▸ **Data**
__________

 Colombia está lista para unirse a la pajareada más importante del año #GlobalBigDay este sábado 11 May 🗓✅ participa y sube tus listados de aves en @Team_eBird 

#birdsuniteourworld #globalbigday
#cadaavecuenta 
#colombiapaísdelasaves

__________

▸ **Work to be completed**
Every line above should be output exactly as it stands.

▸ **Task answer**
 Colombia está lista para unirse a la pajareada más importante del año #GlobalBigDay este sábado 11 May 🗓✅ participa y sube tus listados de aves en @Team_eBird 

#birdsuniteourworld #globalbigday
#cadaavecuenta 
#colombiapaísdelasaves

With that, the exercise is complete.